Sen. Robert Casey, Pennsylvania Democrat, said he was “pleased” that the company had taken “the responsible step of removing this dangerous app.”
Although it was marketed as “a fun game,” the app also “allows criminals to create a new identity, steal someone else’s identity or permits underage youth to purchase alcohol or tobacco illegally,” Mr. Casey added.
Vital national security systems such as passenger checkpoints at airports also “depend on the trustworthiness of driver’s licenses,” Mr. Casey added.
The app enabled anyone who downloaded it to their iPhone or iPad to paste electronically a digital photo and any biographical details into a template for any state’s driver’s license.
With a color printer and a laminating machine, the app could be used to create high-quality fake identification documents, said Brian Zimmer, president of the Coalition for a SecureDriver's License, a group that advocates tougher security measures in state-issued IDs.
Even high tech anti-fraud features such as holograms used by many state also can be forged, the group said.
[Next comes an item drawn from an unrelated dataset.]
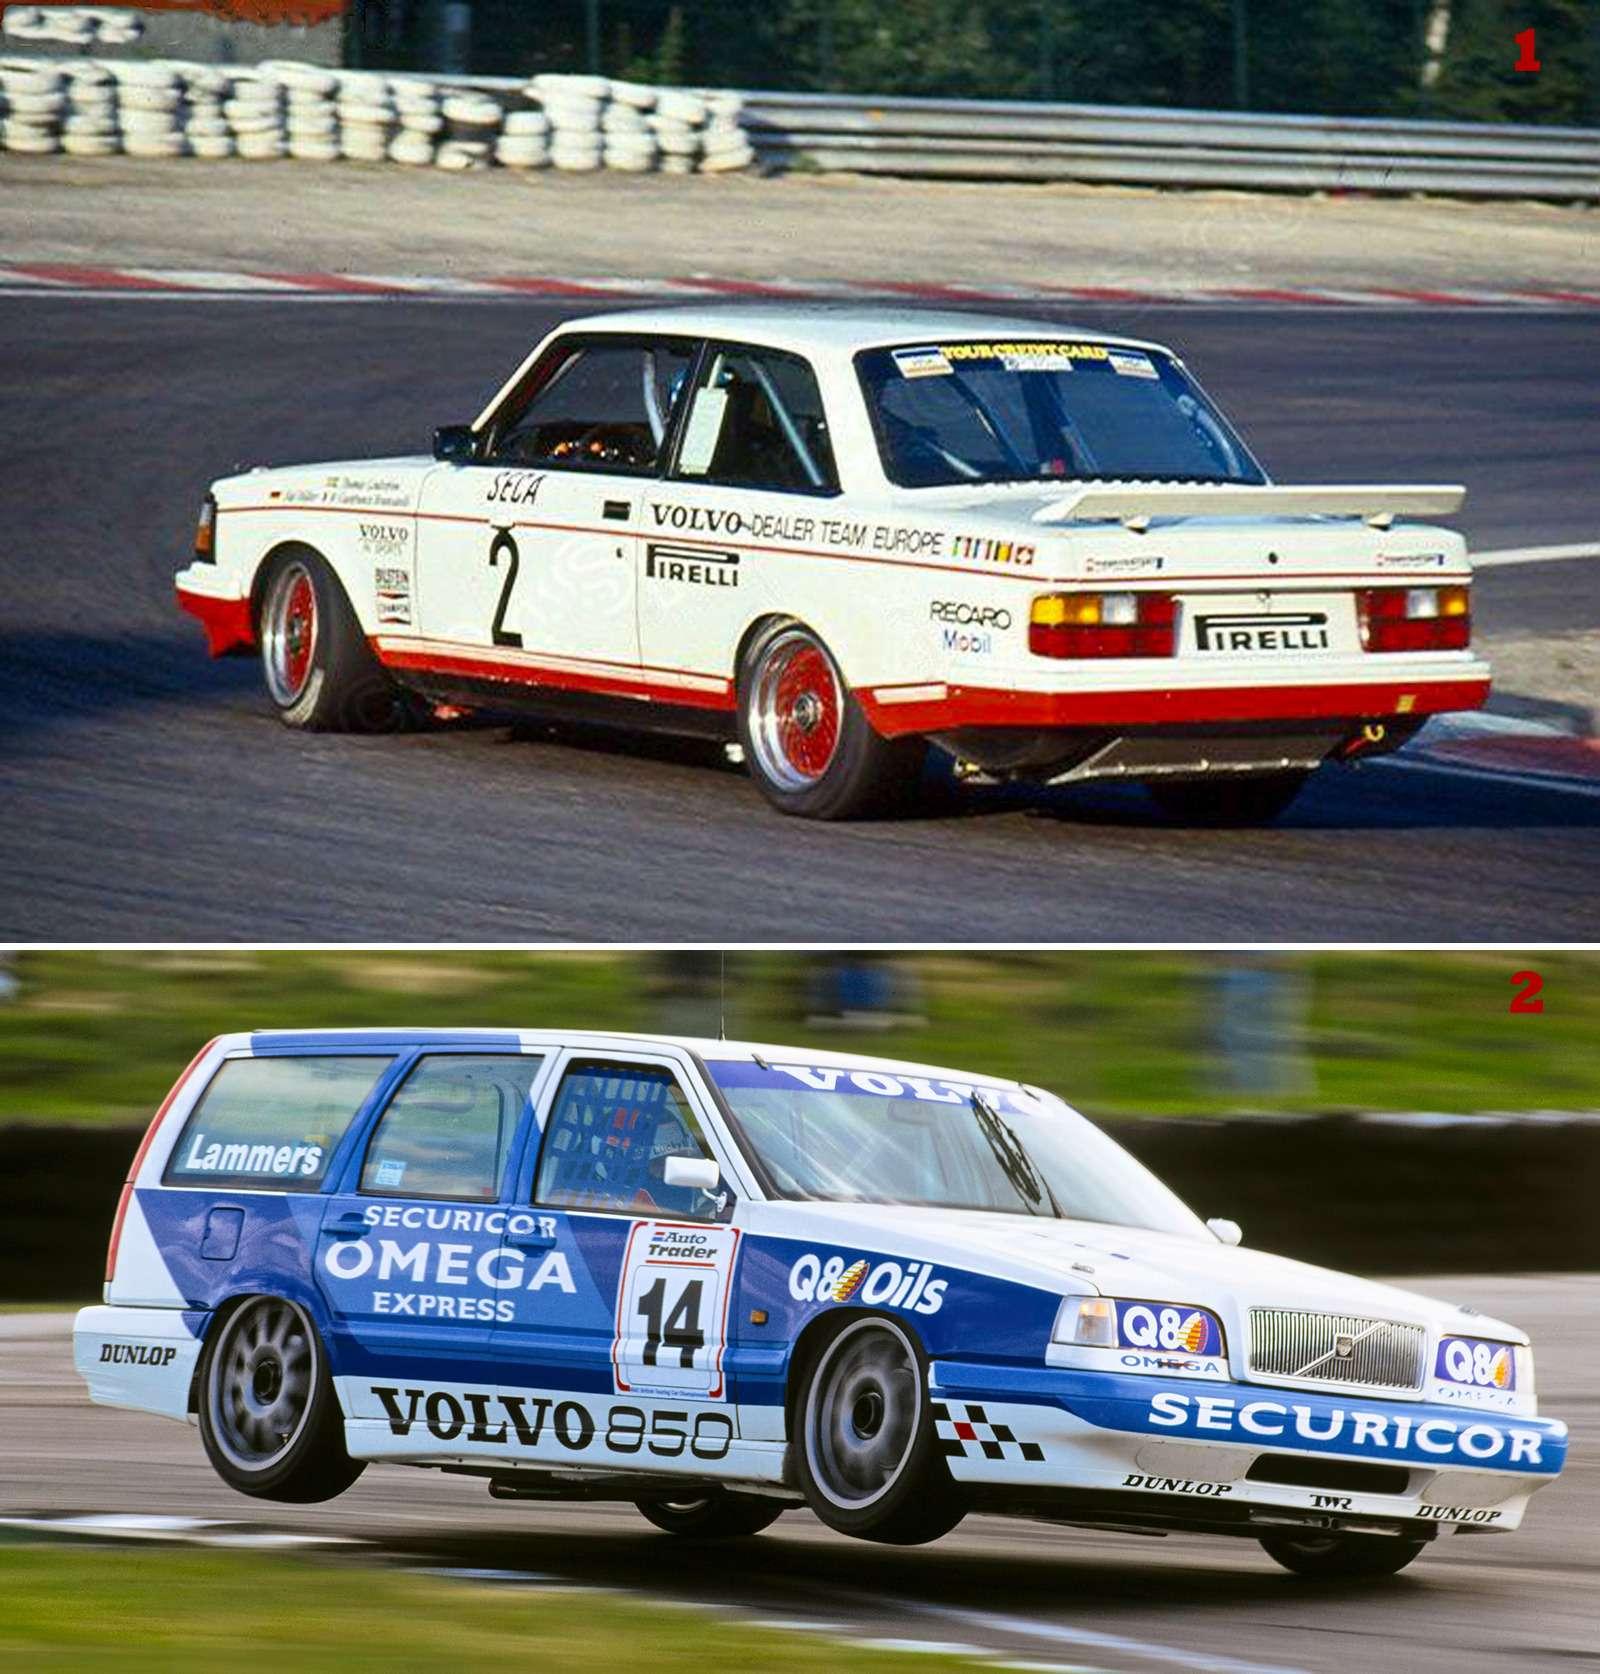 Volvo соспециями: дегустируем спортпакет Polestar— фото 586622

At least four states do not use any technology that would detect an app-generated fake license, the group said.
The group asked Apple in April to pull the app.
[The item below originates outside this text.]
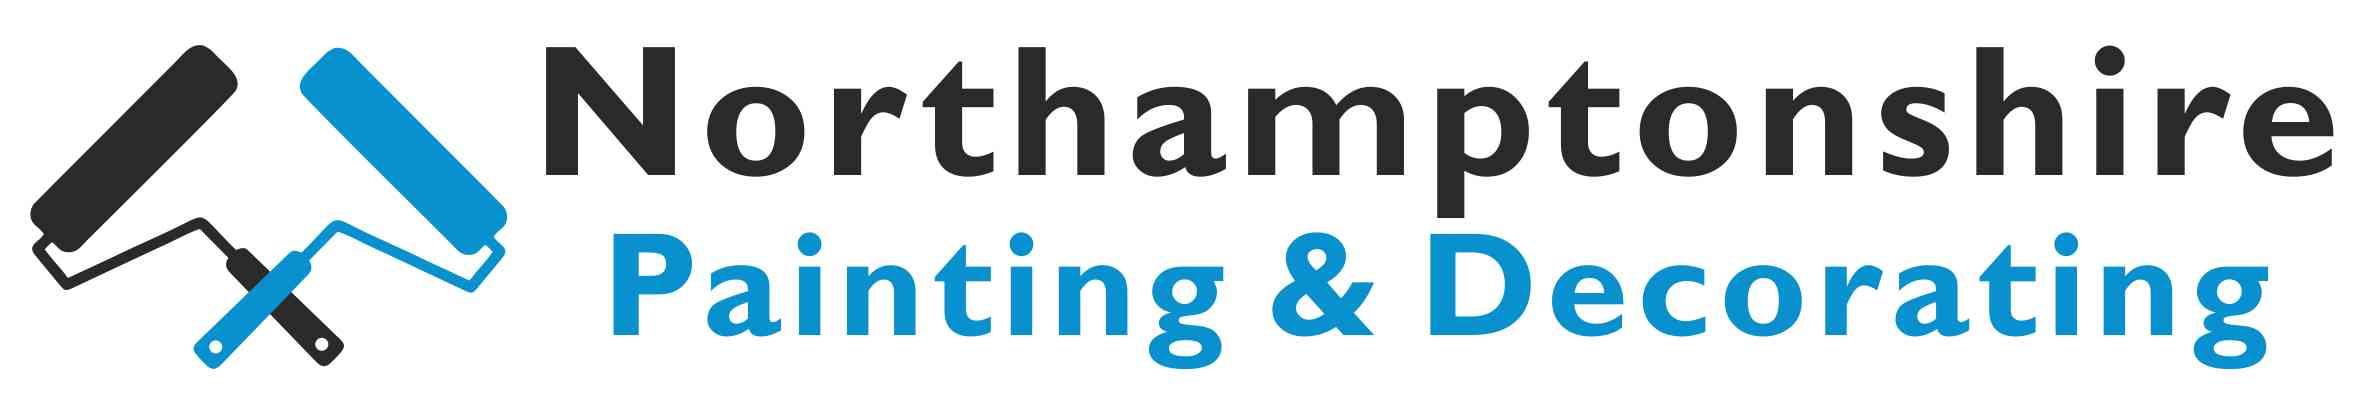 Northamptonshire Painting & Decorating Verified Logo

He added that the app has been downloaded “tens of thousands of times,” and those who downloaded the app can continue to use it.
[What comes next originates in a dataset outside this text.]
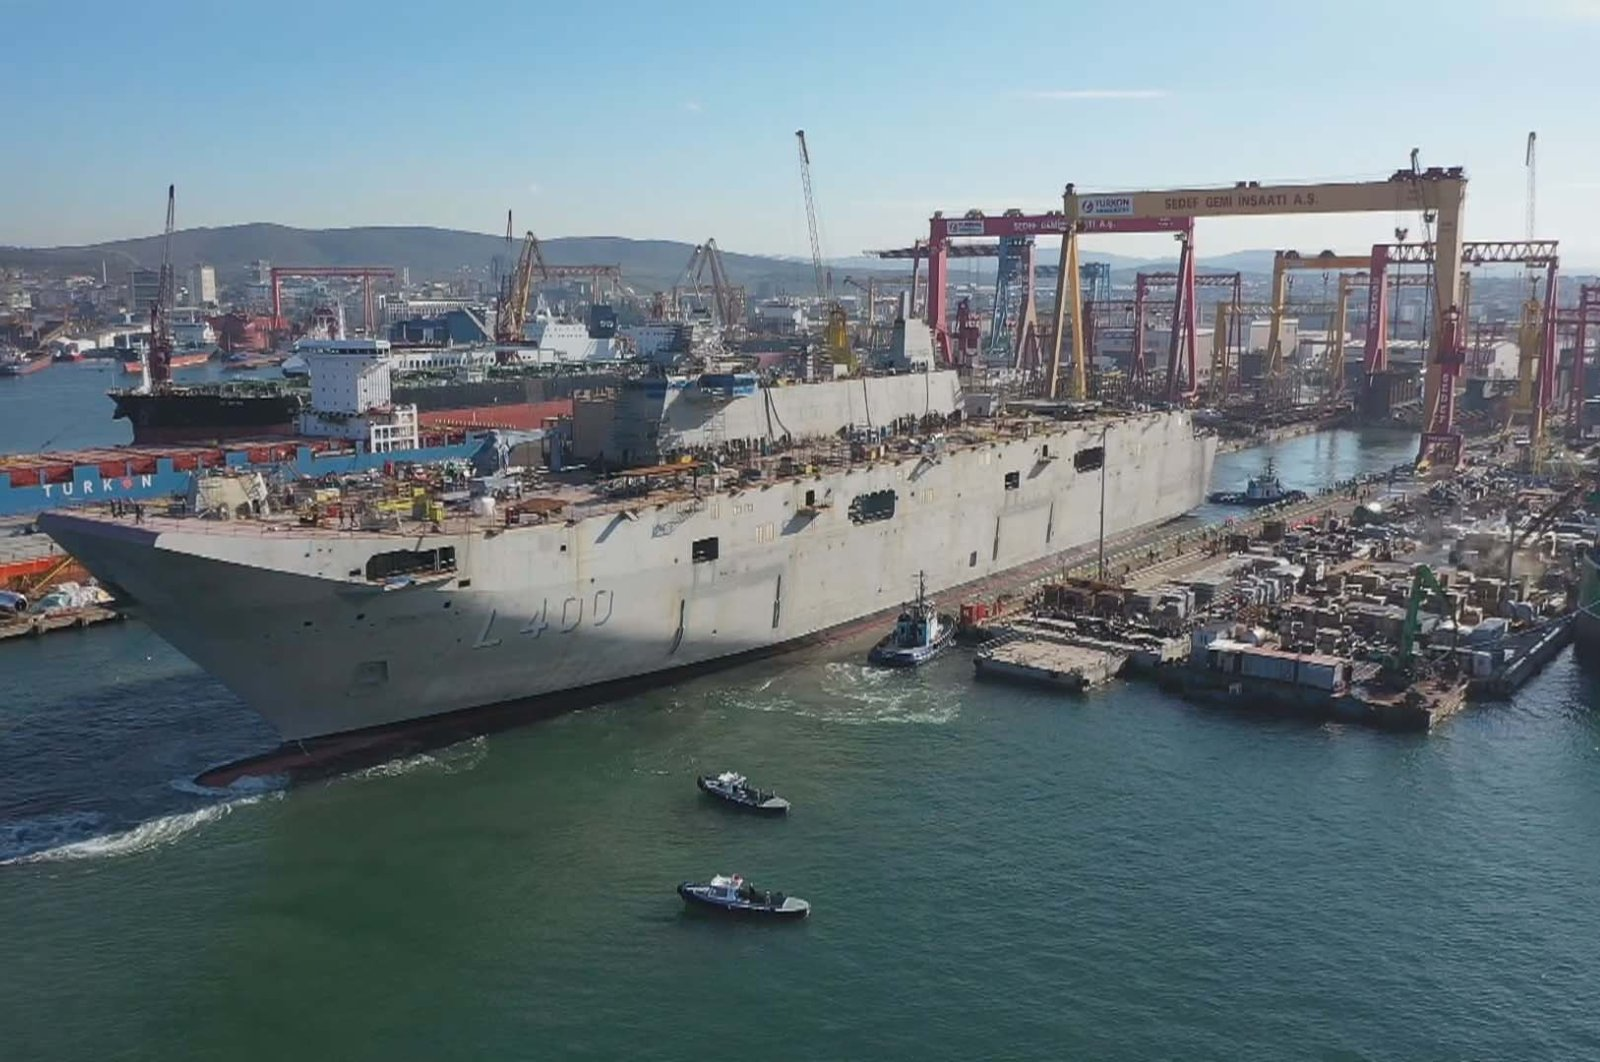 The TCG Anadolu is docked at the Sedef Shipyard in Tuzla, Istanbul, Turkey, Feb. 3, 2020. (DHA Photo)

The app was developed by DriversEd.com in Oakland, Calif., and offered by the App Store in December 2009, according to the company’s website.
The website says the app “lets users see how their actual driver’s license might look.”
“Make a face, take a picture with friends, and go crazy! You can change all the personal info, too, so the possibilities are endless,” the site says.
Neither DriversEd.com nor Apple responded to email and telephone requests for comment Monday.